Input:
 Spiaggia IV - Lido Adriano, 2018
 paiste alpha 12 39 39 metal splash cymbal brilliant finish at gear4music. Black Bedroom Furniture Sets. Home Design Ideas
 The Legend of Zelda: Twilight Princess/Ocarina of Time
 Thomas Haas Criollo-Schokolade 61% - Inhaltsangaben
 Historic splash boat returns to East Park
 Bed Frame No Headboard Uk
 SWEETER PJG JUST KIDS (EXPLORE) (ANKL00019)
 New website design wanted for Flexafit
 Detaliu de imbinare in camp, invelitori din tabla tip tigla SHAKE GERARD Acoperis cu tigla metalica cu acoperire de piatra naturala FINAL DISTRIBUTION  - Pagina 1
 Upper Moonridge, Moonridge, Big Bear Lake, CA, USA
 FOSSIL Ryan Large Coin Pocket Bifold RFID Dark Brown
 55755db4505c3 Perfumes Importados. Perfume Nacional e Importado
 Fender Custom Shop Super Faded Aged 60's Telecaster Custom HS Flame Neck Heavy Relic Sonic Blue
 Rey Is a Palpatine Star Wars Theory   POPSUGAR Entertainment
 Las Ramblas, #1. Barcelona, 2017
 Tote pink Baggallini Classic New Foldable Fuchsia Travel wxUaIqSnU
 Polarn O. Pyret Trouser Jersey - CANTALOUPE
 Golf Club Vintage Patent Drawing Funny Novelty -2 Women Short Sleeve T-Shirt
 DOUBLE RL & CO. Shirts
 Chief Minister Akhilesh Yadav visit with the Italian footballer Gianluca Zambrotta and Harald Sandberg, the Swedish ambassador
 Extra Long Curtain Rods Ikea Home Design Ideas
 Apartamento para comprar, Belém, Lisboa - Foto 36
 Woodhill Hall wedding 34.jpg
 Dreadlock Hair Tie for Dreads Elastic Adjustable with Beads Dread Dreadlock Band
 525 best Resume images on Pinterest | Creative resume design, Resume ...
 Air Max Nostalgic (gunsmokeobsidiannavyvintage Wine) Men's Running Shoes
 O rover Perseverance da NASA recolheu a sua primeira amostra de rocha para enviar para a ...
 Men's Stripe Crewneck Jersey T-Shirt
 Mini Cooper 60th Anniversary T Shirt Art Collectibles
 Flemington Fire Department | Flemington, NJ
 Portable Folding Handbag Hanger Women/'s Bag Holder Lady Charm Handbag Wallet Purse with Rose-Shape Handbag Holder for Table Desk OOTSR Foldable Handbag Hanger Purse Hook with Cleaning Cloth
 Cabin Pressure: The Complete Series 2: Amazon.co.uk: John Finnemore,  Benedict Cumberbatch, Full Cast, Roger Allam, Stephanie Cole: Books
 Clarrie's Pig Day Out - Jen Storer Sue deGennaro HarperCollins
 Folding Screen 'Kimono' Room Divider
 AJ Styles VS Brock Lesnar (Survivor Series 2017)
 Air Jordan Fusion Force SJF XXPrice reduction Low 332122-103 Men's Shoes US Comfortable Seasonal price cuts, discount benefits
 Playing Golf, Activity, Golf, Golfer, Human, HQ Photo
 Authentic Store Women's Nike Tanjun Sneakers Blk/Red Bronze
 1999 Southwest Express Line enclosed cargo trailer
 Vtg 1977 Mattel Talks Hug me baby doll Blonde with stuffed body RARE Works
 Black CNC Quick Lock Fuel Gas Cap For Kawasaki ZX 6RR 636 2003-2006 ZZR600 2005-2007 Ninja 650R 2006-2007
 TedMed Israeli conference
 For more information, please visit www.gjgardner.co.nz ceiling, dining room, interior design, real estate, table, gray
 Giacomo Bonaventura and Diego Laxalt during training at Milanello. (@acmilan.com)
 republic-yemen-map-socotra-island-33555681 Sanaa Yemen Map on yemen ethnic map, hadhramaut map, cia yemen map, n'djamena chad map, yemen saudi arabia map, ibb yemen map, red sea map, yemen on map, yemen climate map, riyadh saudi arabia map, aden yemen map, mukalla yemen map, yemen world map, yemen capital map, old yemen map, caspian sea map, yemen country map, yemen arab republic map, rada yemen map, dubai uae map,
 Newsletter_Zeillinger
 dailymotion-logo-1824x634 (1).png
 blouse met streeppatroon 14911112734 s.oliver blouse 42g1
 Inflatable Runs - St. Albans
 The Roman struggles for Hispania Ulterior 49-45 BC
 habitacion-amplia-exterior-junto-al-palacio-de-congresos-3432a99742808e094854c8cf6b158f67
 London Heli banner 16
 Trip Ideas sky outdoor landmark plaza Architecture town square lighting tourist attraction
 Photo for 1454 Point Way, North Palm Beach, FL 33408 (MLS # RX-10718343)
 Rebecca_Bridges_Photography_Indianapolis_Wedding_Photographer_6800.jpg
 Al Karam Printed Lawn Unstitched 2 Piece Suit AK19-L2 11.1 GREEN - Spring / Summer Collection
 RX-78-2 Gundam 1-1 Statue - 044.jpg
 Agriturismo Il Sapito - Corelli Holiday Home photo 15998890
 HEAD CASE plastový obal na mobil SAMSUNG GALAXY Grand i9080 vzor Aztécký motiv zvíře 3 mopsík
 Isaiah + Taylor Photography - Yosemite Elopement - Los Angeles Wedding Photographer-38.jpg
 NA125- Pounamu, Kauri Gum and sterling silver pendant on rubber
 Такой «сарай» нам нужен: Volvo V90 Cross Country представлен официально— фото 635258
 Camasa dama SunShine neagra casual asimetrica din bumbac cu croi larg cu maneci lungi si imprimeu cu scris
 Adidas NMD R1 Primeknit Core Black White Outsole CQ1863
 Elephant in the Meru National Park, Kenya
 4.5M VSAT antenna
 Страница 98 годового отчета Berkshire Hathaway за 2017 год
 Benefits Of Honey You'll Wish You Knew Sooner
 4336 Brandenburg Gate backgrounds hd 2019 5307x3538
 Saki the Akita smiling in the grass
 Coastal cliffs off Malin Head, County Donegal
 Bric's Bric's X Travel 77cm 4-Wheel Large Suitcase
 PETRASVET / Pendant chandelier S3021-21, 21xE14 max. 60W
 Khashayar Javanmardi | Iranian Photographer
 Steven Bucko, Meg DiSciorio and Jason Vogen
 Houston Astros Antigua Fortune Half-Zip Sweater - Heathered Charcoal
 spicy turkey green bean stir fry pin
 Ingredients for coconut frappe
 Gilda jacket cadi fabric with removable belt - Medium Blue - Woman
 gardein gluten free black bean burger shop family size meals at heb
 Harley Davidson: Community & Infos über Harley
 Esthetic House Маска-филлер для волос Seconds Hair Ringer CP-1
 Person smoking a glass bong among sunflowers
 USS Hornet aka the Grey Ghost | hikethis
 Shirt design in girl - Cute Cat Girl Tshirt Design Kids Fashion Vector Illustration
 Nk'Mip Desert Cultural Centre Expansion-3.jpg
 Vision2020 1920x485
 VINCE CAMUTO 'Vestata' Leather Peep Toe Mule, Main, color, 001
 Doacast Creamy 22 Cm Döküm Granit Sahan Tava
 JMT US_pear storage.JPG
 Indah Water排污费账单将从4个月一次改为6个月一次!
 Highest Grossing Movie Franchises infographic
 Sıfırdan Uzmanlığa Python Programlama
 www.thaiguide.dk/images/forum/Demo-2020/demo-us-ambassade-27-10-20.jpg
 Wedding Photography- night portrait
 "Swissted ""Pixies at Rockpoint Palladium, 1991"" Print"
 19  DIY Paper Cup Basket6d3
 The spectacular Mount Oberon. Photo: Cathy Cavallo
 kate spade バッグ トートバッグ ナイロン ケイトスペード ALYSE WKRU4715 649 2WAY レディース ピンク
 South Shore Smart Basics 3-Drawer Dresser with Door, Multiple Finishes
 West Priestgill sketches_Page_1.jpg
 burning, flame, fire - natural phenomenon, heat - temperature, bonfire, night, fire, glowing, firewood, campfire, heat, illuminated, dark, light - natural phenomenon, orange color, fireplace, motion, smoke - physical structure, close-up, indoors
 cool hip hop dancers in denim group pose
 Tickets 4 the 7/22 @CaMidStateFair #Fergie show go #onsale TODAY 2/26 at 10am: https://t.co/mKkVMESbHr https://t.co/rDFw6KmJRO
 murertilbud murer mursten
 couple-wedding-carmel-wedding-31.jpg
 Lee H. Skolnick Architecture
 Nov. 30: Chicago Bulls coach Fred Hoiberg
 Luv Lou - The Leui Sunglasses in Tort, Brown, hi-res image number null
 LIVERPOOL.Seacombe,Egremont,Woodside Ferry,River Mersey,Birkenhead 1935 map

Requirement: Give an exact copy of the lines above, from the top of the records to the line that contains "SWEETER PJG JUST KIDS (EXPLORE) (ANKL00019)", taking in both ends.

Solution to the problem:
 Spiaggia IV - Lido Adriano, 2018
 paiste alpha 12 39 39 metal splash cymbal brilliant finish at gear4music. Black Bedroom Furniture Sets. Home Design Ideas
 The Legend of Zelda: Twilight Princess/Ocarina of Time
 Thomas Haas Criollo-Schokolade 61% - Inhaltsangaben
 Historic splash boat returns to East Park
 Bed Frame No Headboard Uk
 SWEETER PJG JUST KIDS (EXPLORE) (ANKL00019)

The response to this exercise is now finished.